Only a crazy director like Paul Thomas Anderson could think of a crazy movie like Inherent Vice, a nostalgic tribute at the dawn of 2014 to the golden age of hippie culture in late 1960s Los Angeles.
One of those hippies is private detective Larry “Doc” Sportello, who reunites with former lover Shasta after a long time, but not for a sweet reunion of romance.
Indeed, the woman asks him for help in finding her current lover, Michael Z. Wolfmann, a wealthy construction tycoon who now seems repentant after a long life of taking advantage of poor people, wanting to build unrestricted condos for everyone.
Of course, his partners and wife disapprove of his change of heart, so they try to portray him as insane and erase him from the company’s public face.
Partly aided and partly hindered by Detective “Bigfoot” Bjornsen, Doc discovers that Wolfmann has officially disappeared while, at the same time, another woman asks for his help, Hope Harlingen, who is looking for her missing husband, Coy.
As if enough people hadn’t disappeared already, his beloved Shasta also vanishes into thin air, while Doc finds more and more clues that the mysterious and powerful Golden Fang, a dangerous and vast drug-dealing organization between Asia and the United States, is behind these crimes.
Moreover, all the missing persons’ trail leads to the wealthy Chryskylodon Institution, a sanitarium run by a Golden Fang-related cult under the control of Adrian Prussia, an old hitman who in the past has even worked occasionally for the police.

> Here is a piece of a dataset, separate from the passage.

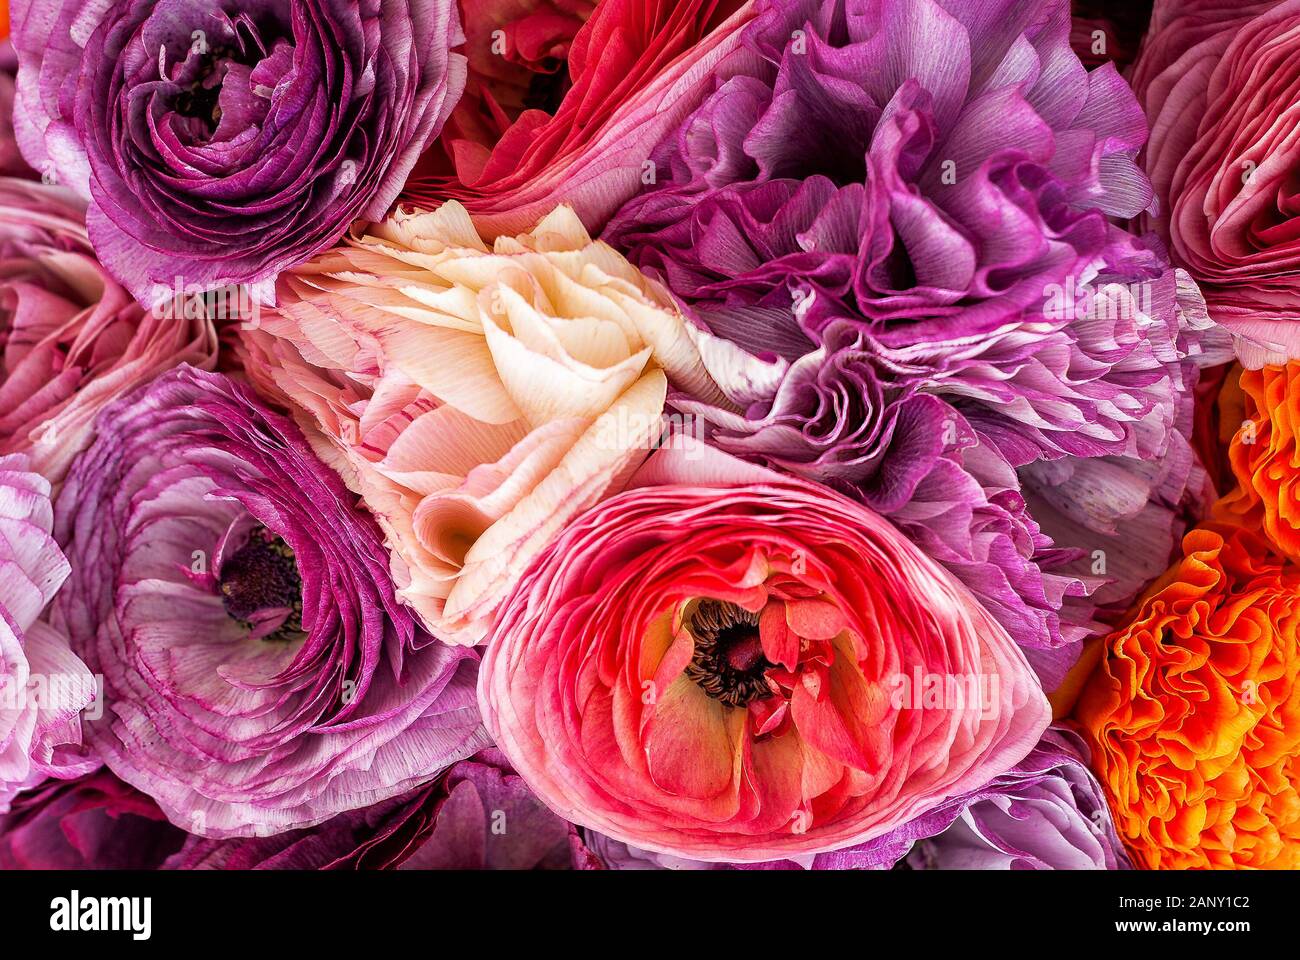 Beautiful flowers in bloom. Close up vibrant colorful ranunculus. Stock Photo

As the plot thickens around him, entangling clues and witnesses in an unbreakable web of power, sex, and drugs, poor Doc laboriously navigates the search for truth amidst attractive women and cocaine-dependent doctors.
A vivid, funny portrayal of the 70s
Paul Thomas Anderson digs into a plot that moves from noir to classic detective story, from comedy to bawdy eroticism, with a pleasant, ever-present, irreverent humor.
Without bothering to slavishly follow Thomas Pynchon’s novel of the same name, he orchestrates a complex score of human relationships between people who hate and love each other relentlessly.
The final representation is an endless universe of past Los Angeles within the many narrative, psychological, and introspective contexts of a plethora of characters, all desperately and strangely searching for something missing in their lives.
Anderson extrapolates an even more impenetrable plot from the book in its intricate web of mysteries and intrigues, turning it into an incomparable drama imbued with empathy and an irrepressible love for the outsiders of an unforgiving America, co-writing the screenplay with the same Pynchon.
The film presents a complex story of affluent people and sexy, naïve girls adrift in a colorful hippie culture that seeks refuge in drugs and swift, stormy love affairs while also exploring the dysfunctional elements of society in the late 1960s, such as corruption, lust for wealth, and the constant sense of an era coming to an end.
Despite its anti-Hollywood sophistication, following this plot is an effortless pleasure that does not give you a headache from the millions of clues or conspiracy theories.
My advice is to enjoy the collective madness of this 2014 movie without looking for precision in the details but to experience it as if you were the protagonist and not the extraordinary Joaquin Phoenix: following the inherent vice flow of nature, living mindlessly on the beach in sandals and open shirts, with shoulder-length hair and thick sideburns on your cheeks.
Hippie love and power conspiracy
Joaquin Phoenix, a perpetually (or nearly so) exaggerated and sublimely masked freak, is a splendid portrayal that comes close to parodying the “hippie” type along with Katherine Waterston, a partner as gorgeous and elusive, wild and sensual as 1970s Los Angeles.
A couple that should be great but is not; although both seem lulled by dreamy romance and spirituality, we understand their love cannot last.
Both reject the habits and virtues of the upper crust, embodied to perfection by the excellent Josh Brolin.
The perennial contrast between Phoenix and Brolin is the real driving force behind the film, which is set amid a fragile period in history that is slowly fading into something else while our digital and connected age is still far on the horizon.
But don’t think the supporting cast is any less important because, for example, we have names like Reese Witherspoon and Benicio del Toro, one Doc’s lover, and the other his lawyer, who help him deal with the low blows from the cops.
I also cannot leave out Martin Short, an exaggerated coke-addicted dentist who constantly gets his rocks off behind his practice’s secretaries and young clientele.
Eric Roberts’ cameo as Wolfmann, a repentant billionaire who believes he has found himself, is even shorter and more philosophical for a character who is the real subject of the investigation along with Owen Wilson.
I must confess that Wilson did not convince me, not because of the actor, but because his character was treated a little too quickly, particularly considering his importance in the finale.
But these are tiny flaws, considering the vastness of a work like Inherent Vice, which brings in 2014 master Paul Thomas Anderson to make his movie more pace and fun.
I would describe an experience as almost spiritual, like a trip with a new and wiggly psychedelic drug, but one whose side effects will not ruin your health but may open your mind to new and unexplored aspects.